DATA UNDER STUDY:
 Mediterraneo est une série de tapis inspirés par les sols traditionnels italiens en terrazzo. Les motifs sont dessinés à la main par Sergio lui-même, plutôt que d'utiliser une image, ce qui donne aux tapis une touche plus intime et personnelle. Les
* * *
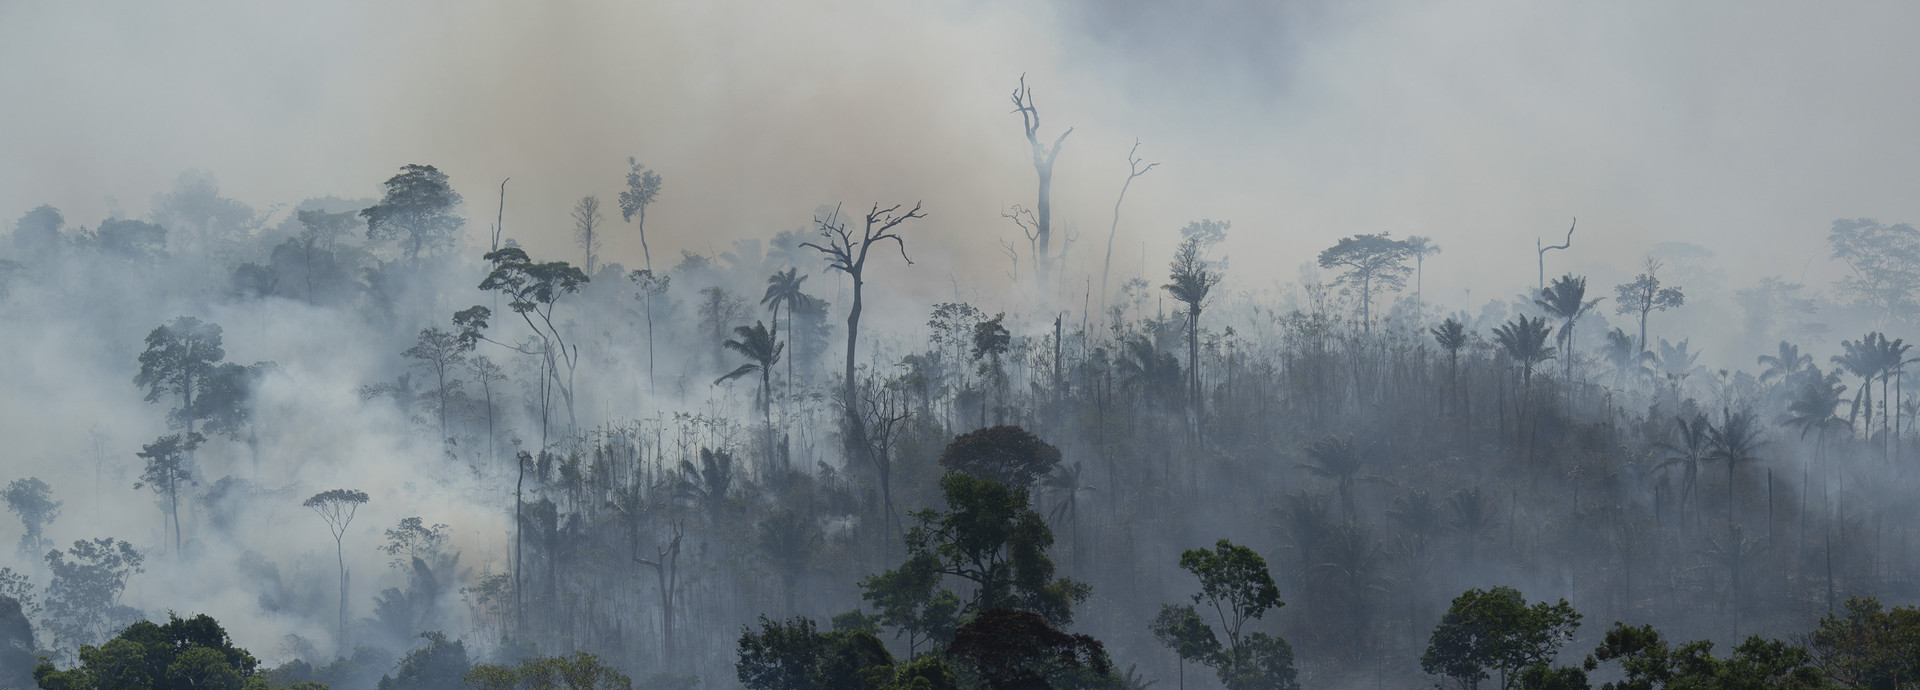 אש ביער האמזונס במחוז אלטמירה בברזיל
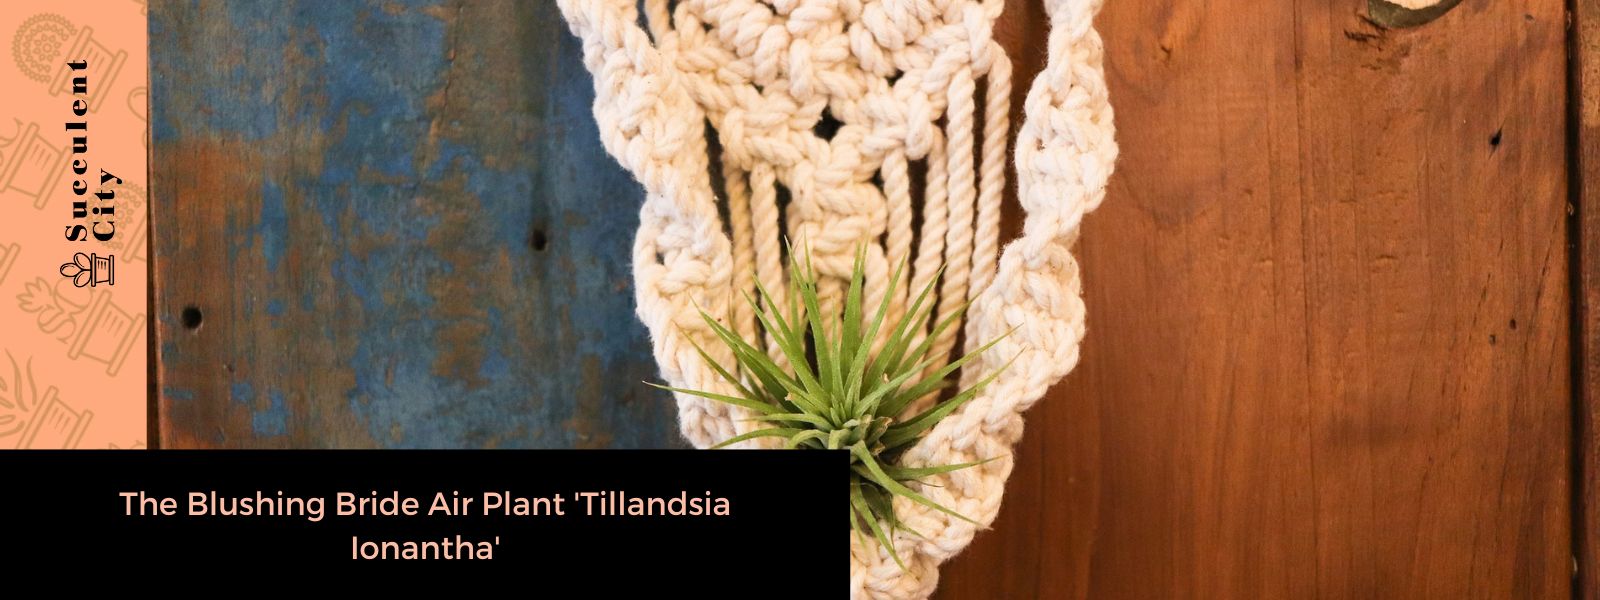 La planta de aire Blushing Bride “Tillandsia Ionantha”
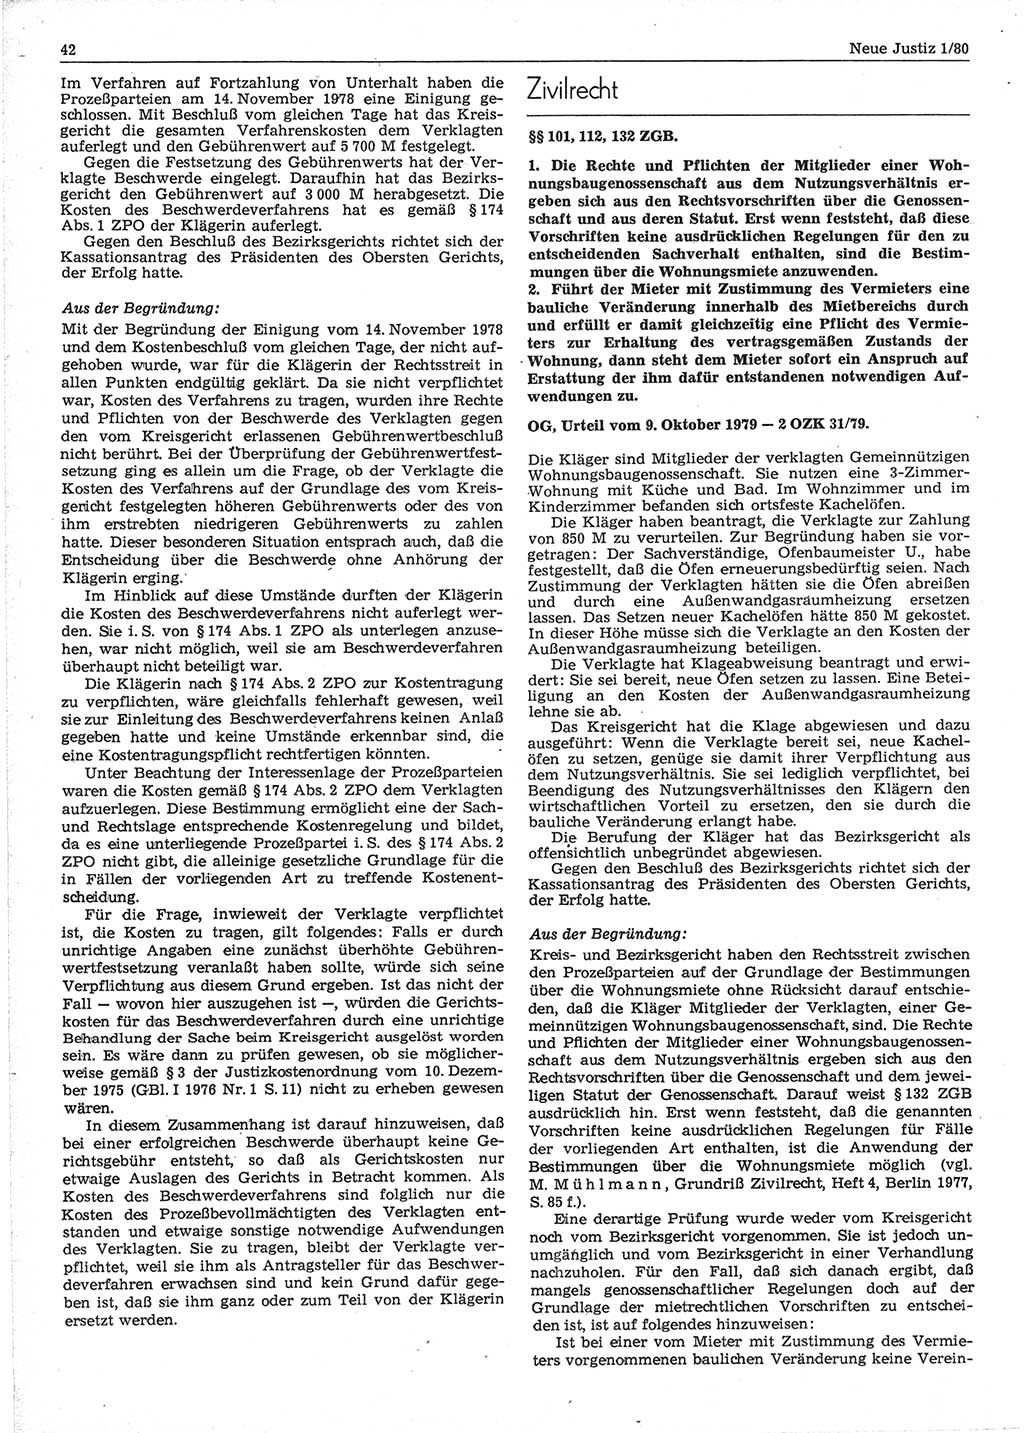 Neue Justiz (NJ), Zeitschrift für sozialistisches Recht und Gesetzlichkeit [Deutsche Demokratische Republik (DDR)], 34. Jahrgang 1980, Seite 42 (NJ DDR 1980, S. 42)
---
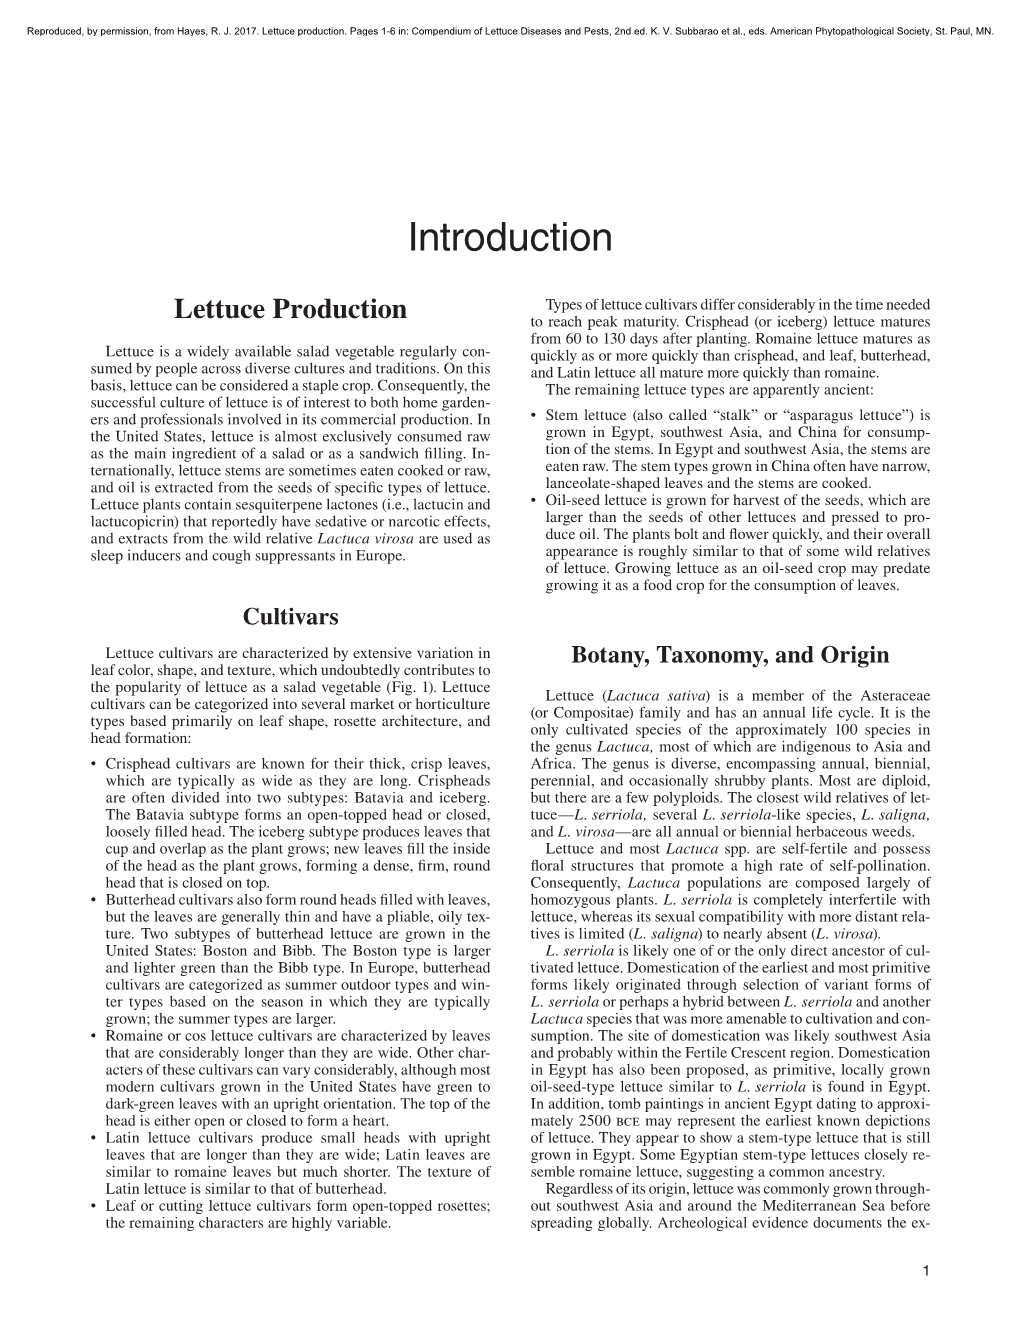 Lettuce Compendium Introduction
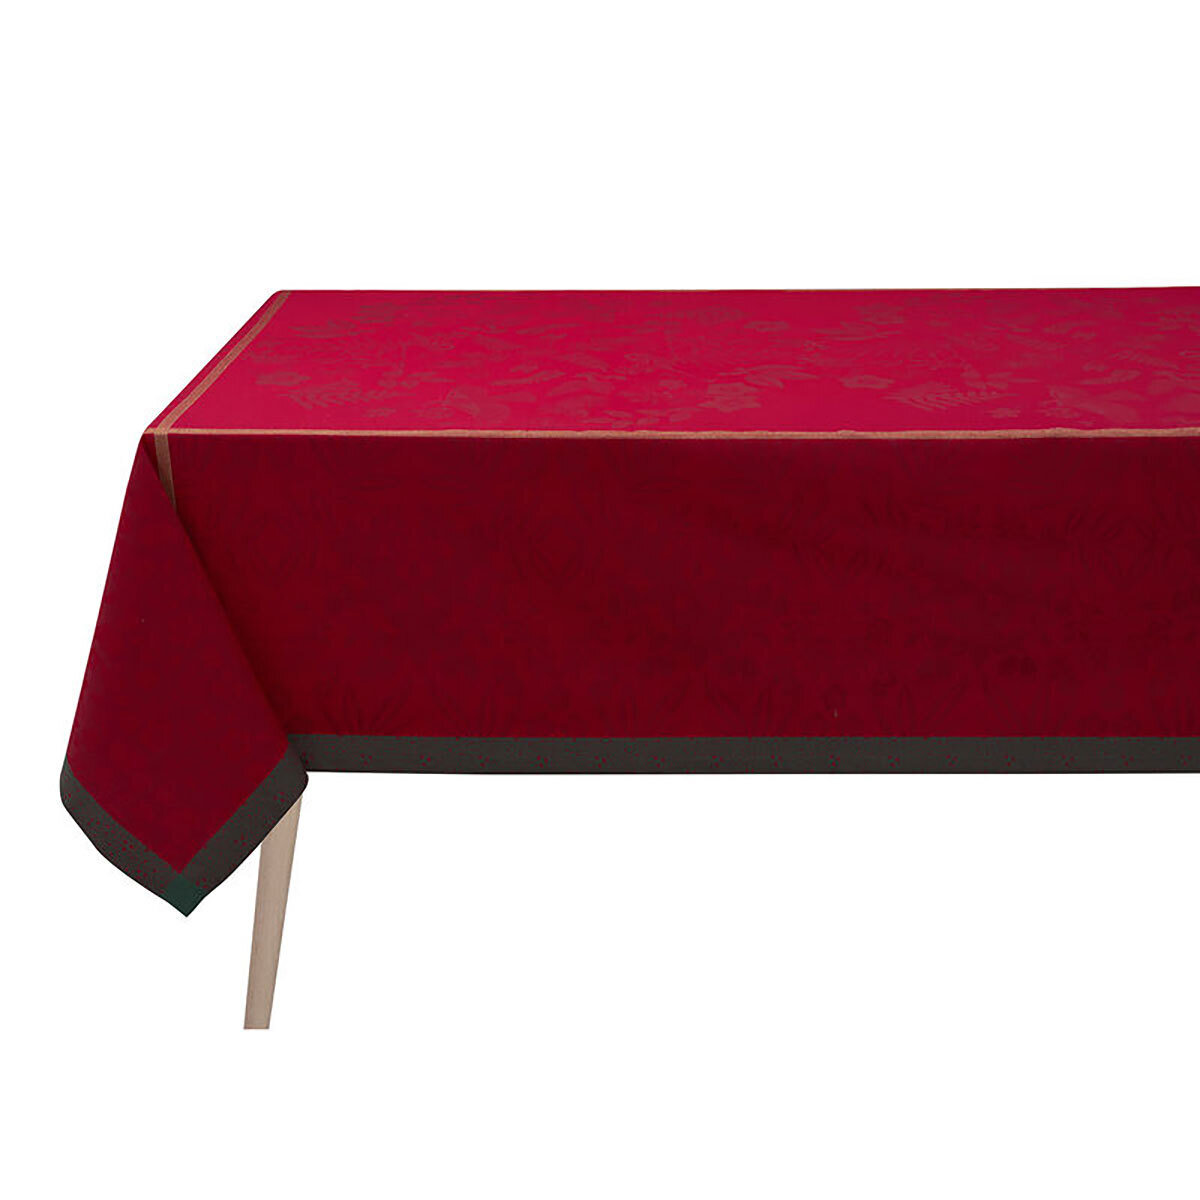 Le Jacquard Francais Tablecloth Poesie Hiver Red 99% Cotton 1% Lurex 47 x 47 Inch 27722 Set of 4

WHAT THE TASK REQUIRES:
In the entries above, find the line with "La planta de" and the line with "Neue Justiz (NJ), Zeitschrift". Return exactly those lines and all the ones between them, pictures excluded.

THE COMPLETED TASK:
 La planta de aire Blushing Bride “Tillandsia Ionantha”
 Neue Justiz (NJ), Zeitschrift für sozialistisches Recht und Gesetzlichkeit [Deutsche Demokratische Republik (DDR)], 34. Jahrgang 1980, Seite 42 (NJ DDR 1980, S. 42)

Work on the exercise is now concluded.